Reproduce the data that follows character for character, but omit its pictures.

Dataset content: Begin

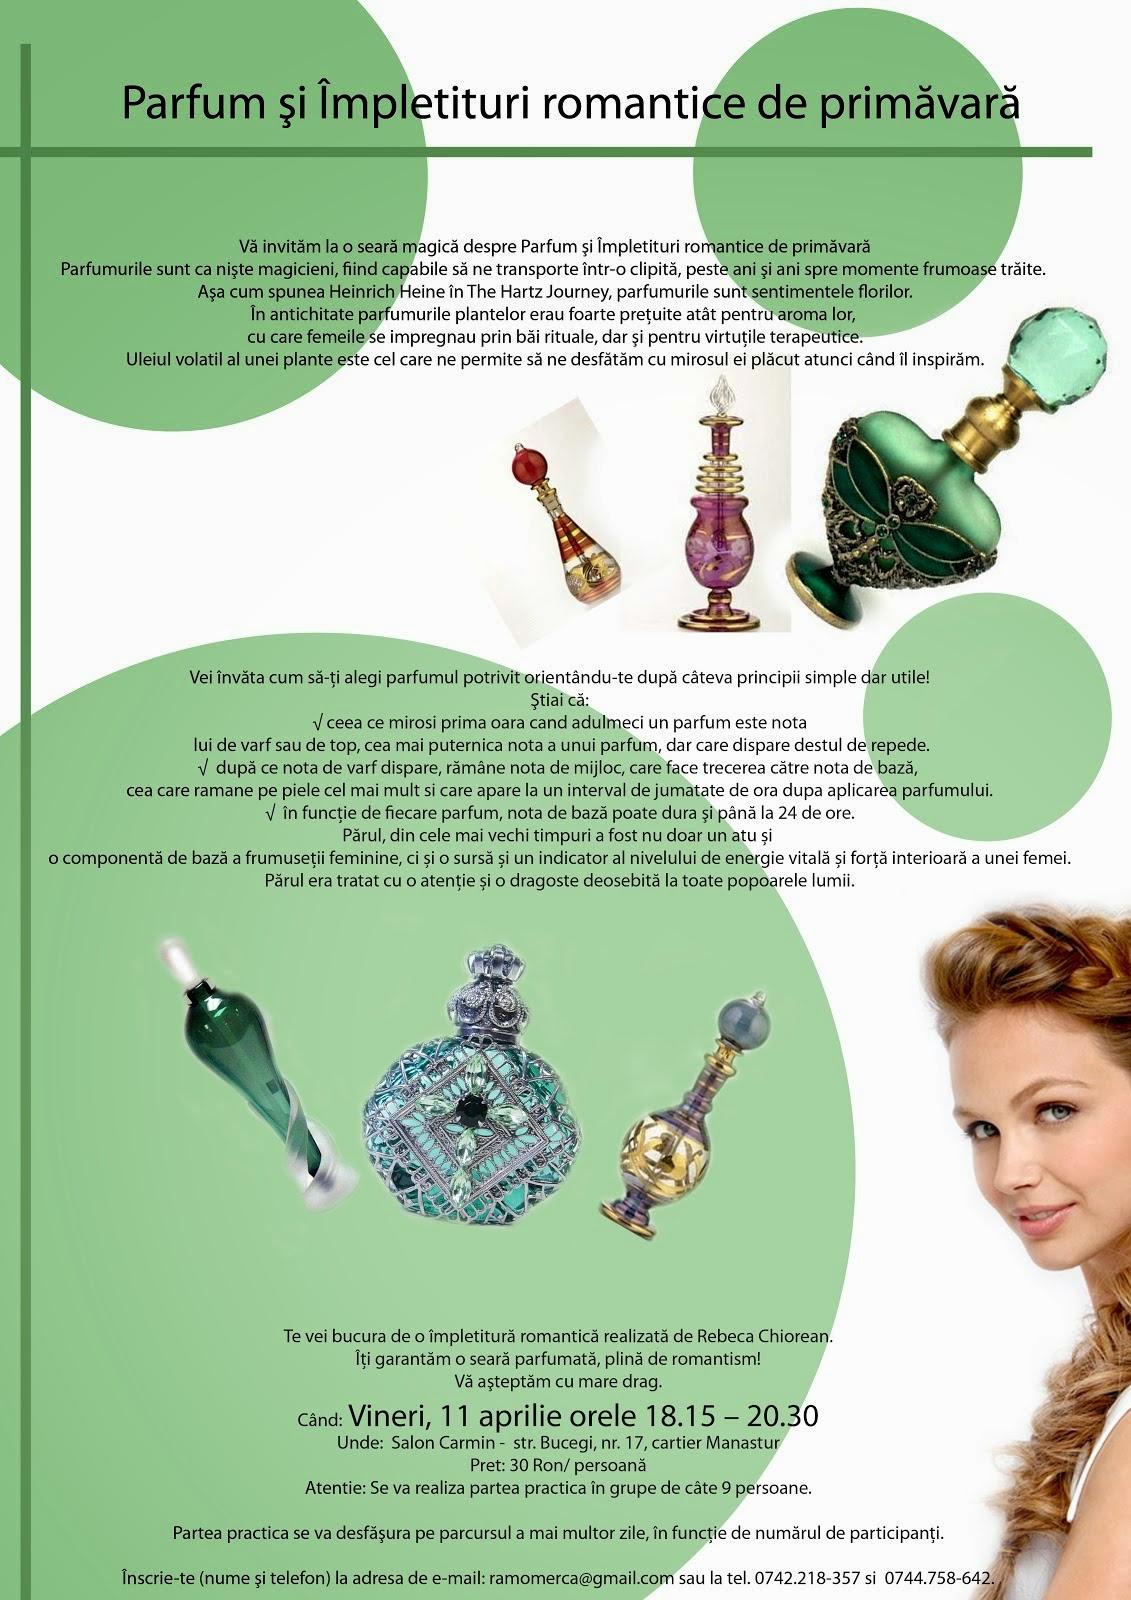 workshop: Parfum şi Împletituri romantice de primăvară, 11 aprilie Cluj-Napoca ora 18.15 - 20.30
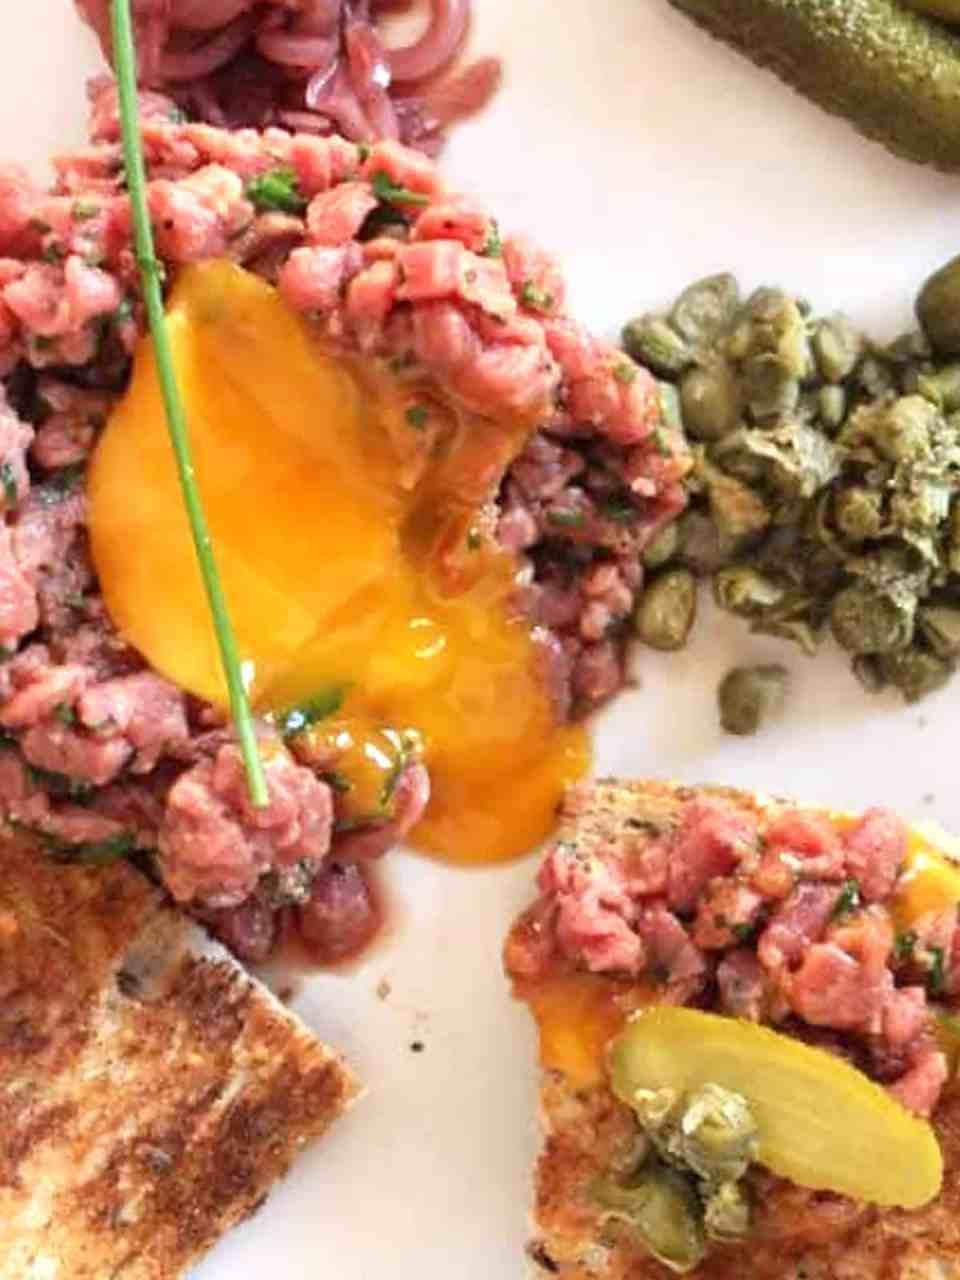 Overhead shot of the egg yolk broken in the steak tartare
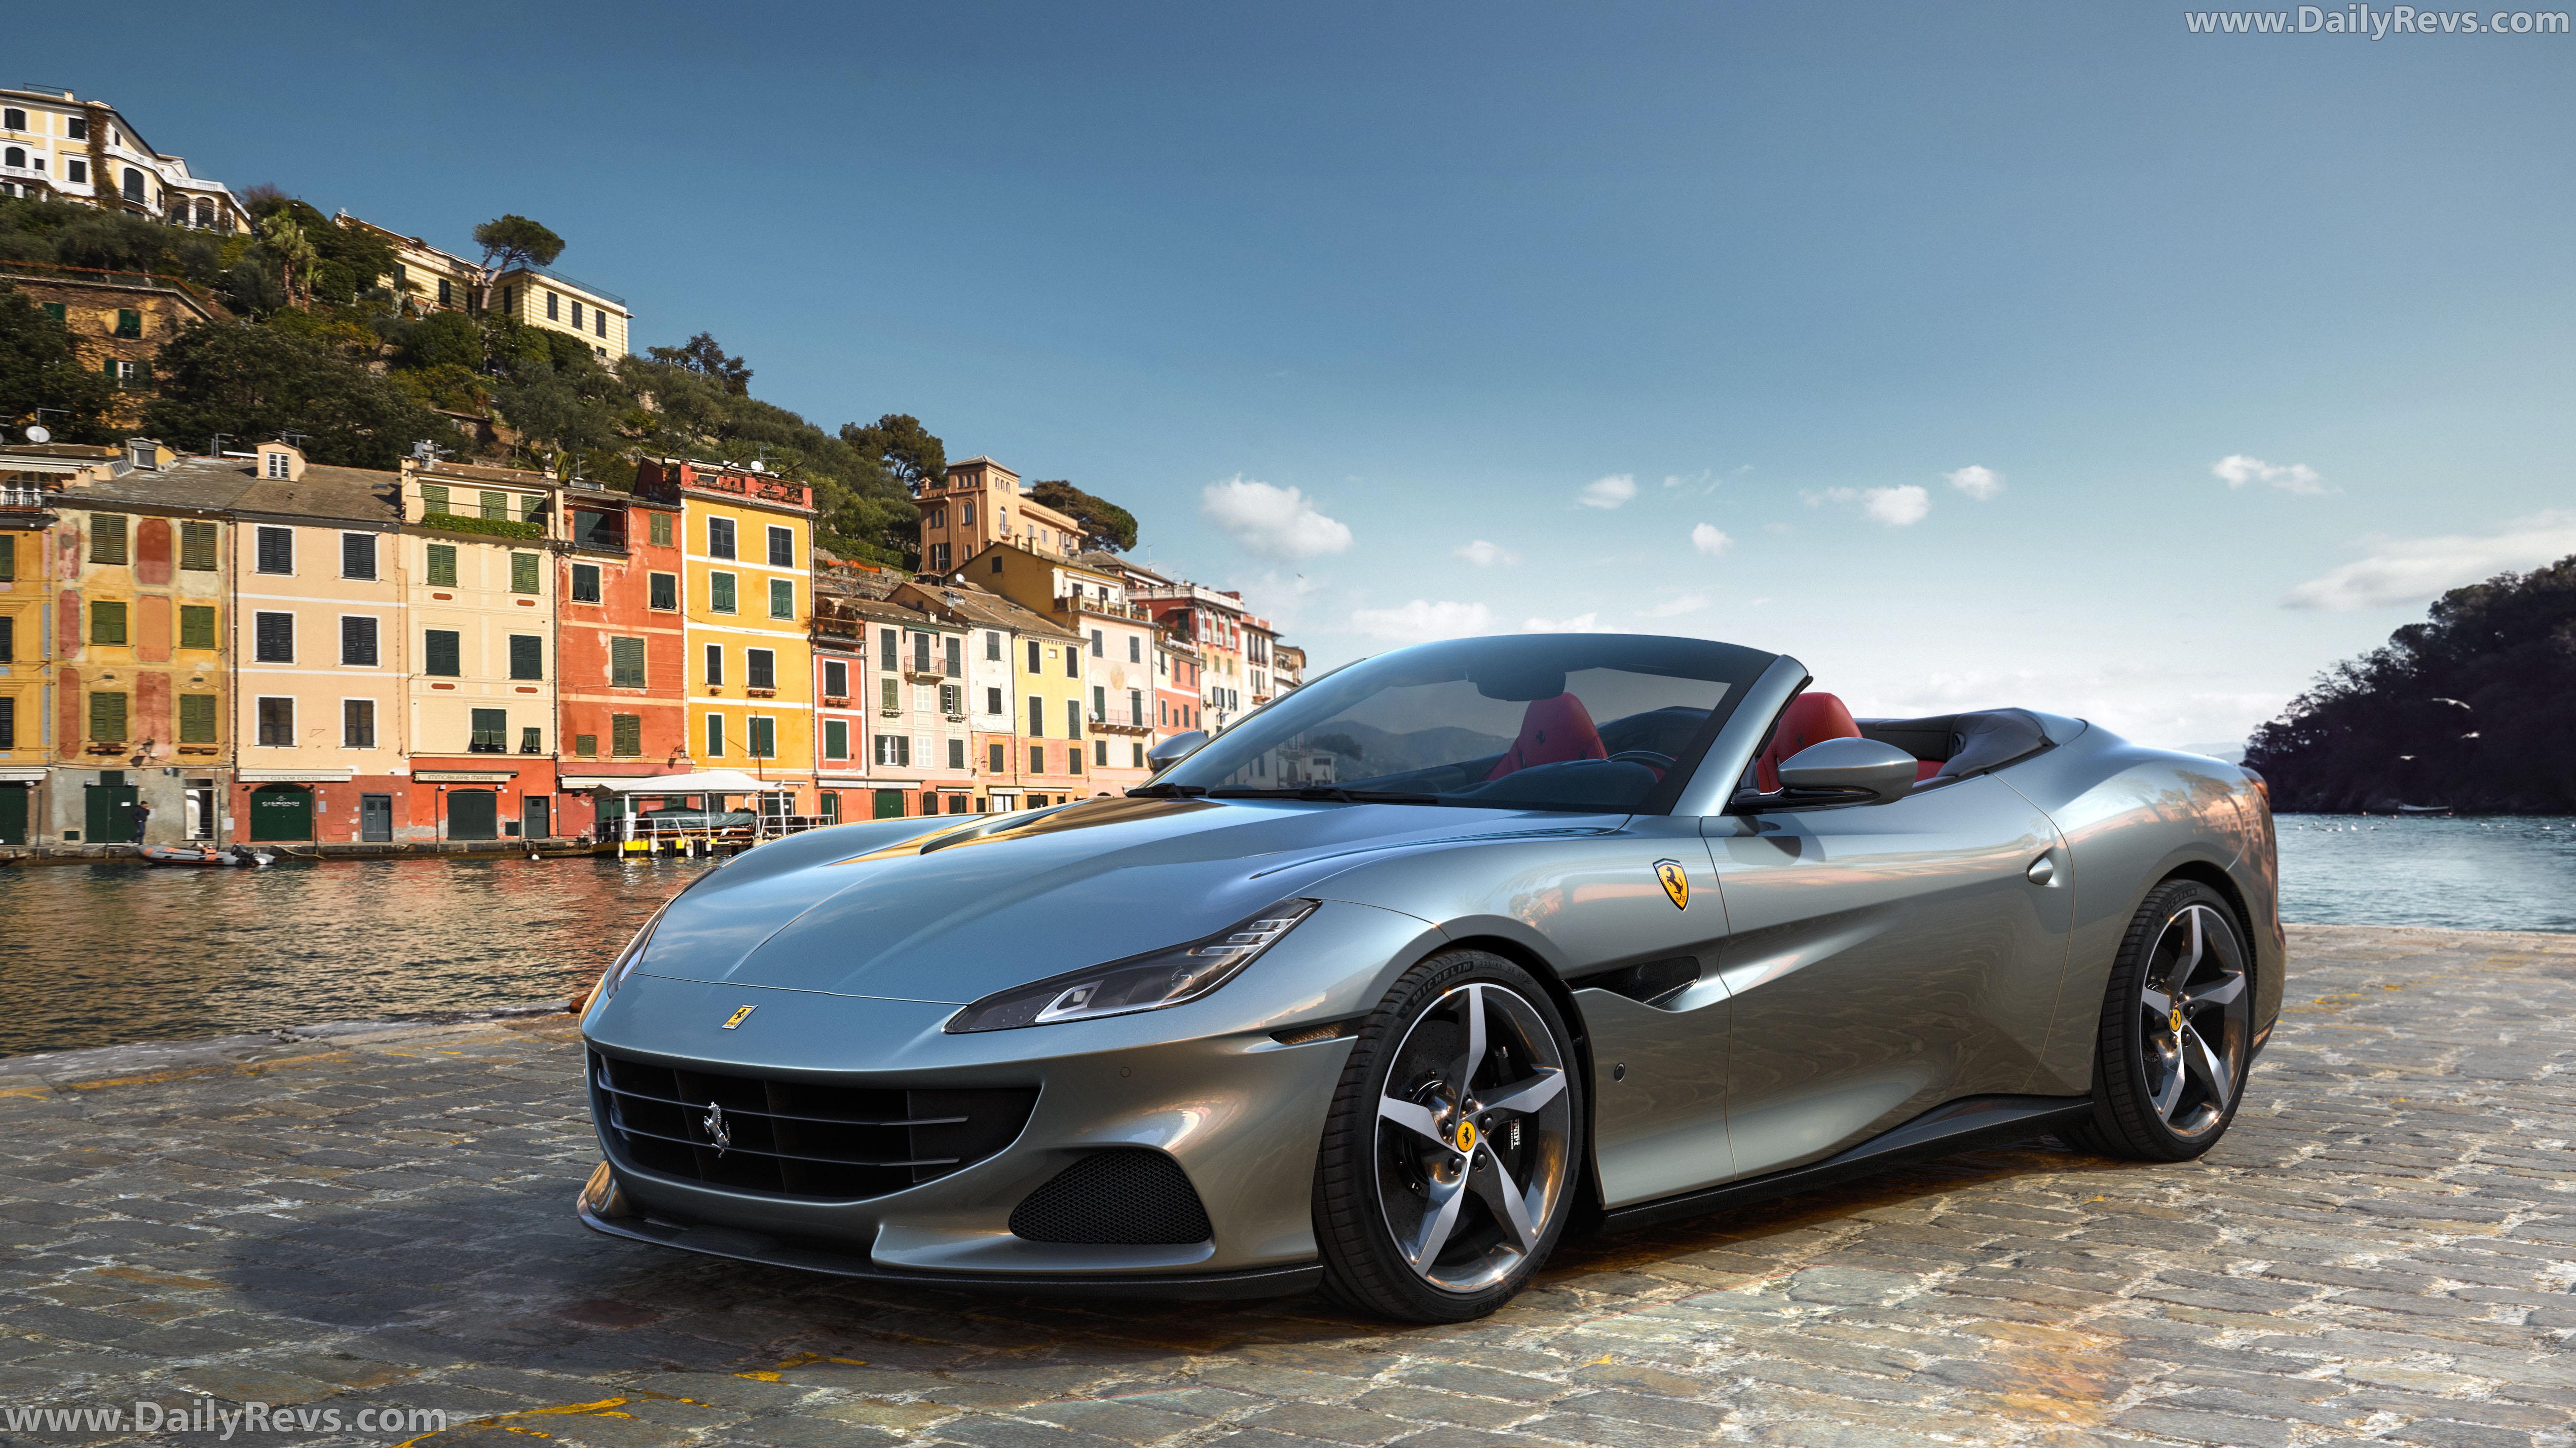 2021 Ferrari Portofino M full

Dataset content: End

**Answer below**
 workshop: Parfum şi Împletituri romantice de primăvară, 11 aprilie Cluj-Napoca ora 18.15 - 20.30
 Overhead shot of the egg yolk broken in the steak tartare
 2021 Ferrari Portofino M full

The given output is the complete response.